Он выключил форсунку. Барабан погрохотал на холостом ходу, потом через несколько минут остановился. Смолк свист вентилятора в циклоне, почти сразу упал вой дробилки. Лишь устало постукивал привод раздатчика. Но наконец стих и он. Стало непривычно, режуще тихо. И даже показалось, что в ушах застряли ватные пробки.
– В чем дело? – к нам подошел заляпанный мукой Володя, ничего не услышавший и не понявший в грохоте.
– Цепь накрылась, – ответил Николай. – Звено полетело.
– Ясно… И что теперь: клепать или варить?
– Варить…
– А сварщик есть?
– Есть, а то как? В кузнице на полевом стане.
– Туда ее надо нести?
– Зачем нести? У них аппарат есть маленький, привезут сюда, провода от щитка протянут и дело с концом.
– Так надо, наверное, за сварщиком в кузницу сходить? – предложил Славка.
– Поздно уже, – махнул рукой Николай. – Он, наверное, уже дома пьяный лежит. Завтра с утра дядя Федя пойдет.
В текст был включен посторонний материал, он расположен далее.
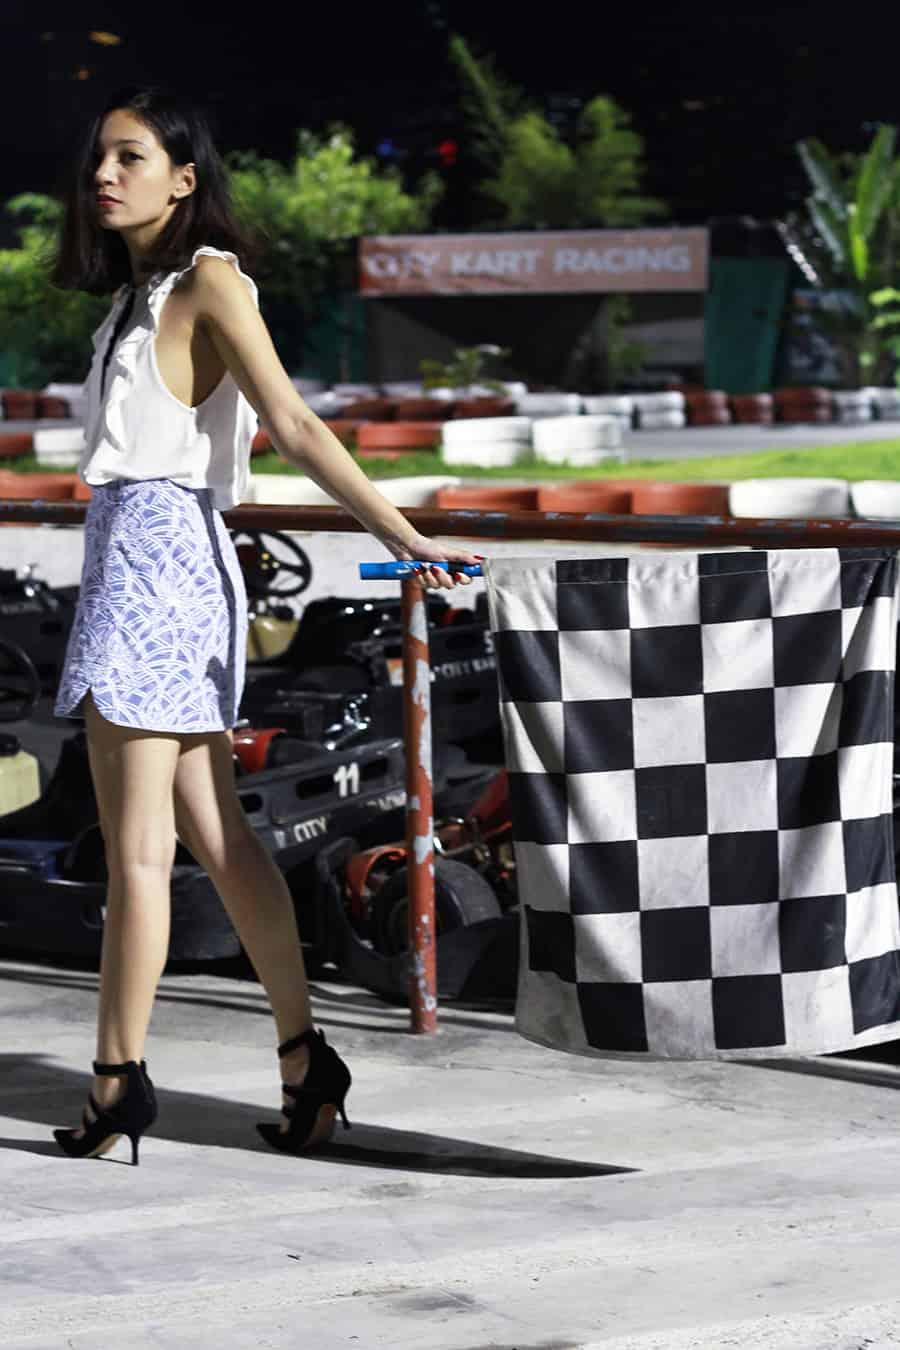 city-kart-racing

– А зачем до завтра ждать? – пожал плечами Володя. – До конца смены четыре часа, даже больше. Может, домой к нему сгоняем?
– Можно, конечно. Но он так просто из дому не выйдет. Даже если еще и не вдрызг пьяный. Ему надо пообещать стакан водки. Тогда, может, поднимется. У тебя водка есть?
– Нет вообще-то.
– Вот и у меня нет. Так что, мужики, шабаш. Ступайте домой.
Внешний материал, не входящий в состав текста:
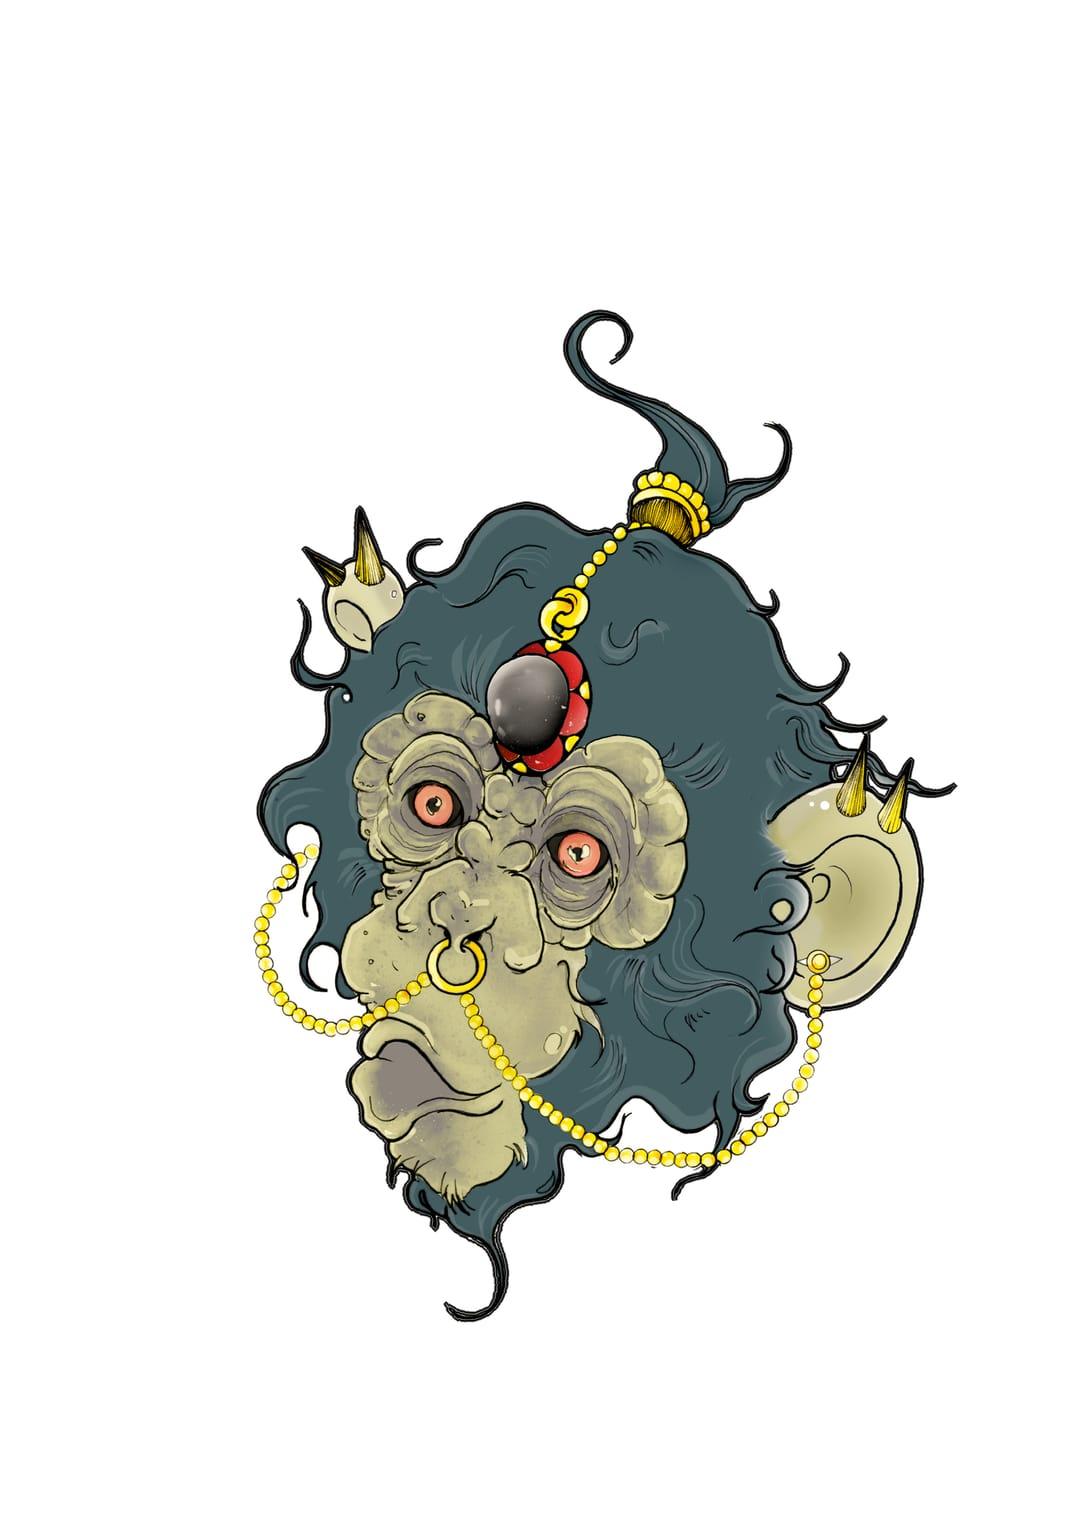 Monkey tattoo design by Shaun Williams.

Подошел заспанный Степан. Он с обеда валялся на мешках под грохочущим транспортером, а теперь проснулся от внезапной тишины. Узнав, в чем дело, он страшно обрадовался и даже предложил подвезти нас до деревни.
– Сам уж едь на своей тарахтелке, – отказался Володя. – Всю задницу на ней отобьешь по вашей дороге. Мы лучше пешком пойдем.
Путь до лагеря отсюда был неблизкий, километров семь. Чтоб хоть немного его сократить, мы срезали угол, свернув с полевого стана прямо на ромашковый луг, раскинувшийся вдоль железной дороги. Прогретый воздух слоился волнами терпкого, горьковатого аромата; желто-белые цветы хлестали нас по сапогам, осыпая душистой пыльцой. На шоссе мы вышли уже за переездом, но все равно нам оставалось идти и идти. Мы не спеша шагали по пыльной обочине, надеясь поймать попутку. Но как назло, все машины сейчас почему-то ехали навстречу. На обогнал только желтый молоковоз, в который некуда было проситься.
– Откуда тут цистерна? – удивился Славка. – Я ее уже видел на том берегу. А с нашей фермы вроде молоко на грузовике возят.
– Как раз на том берегу совхоз, – ответил я. – Где настоящий молокозавод.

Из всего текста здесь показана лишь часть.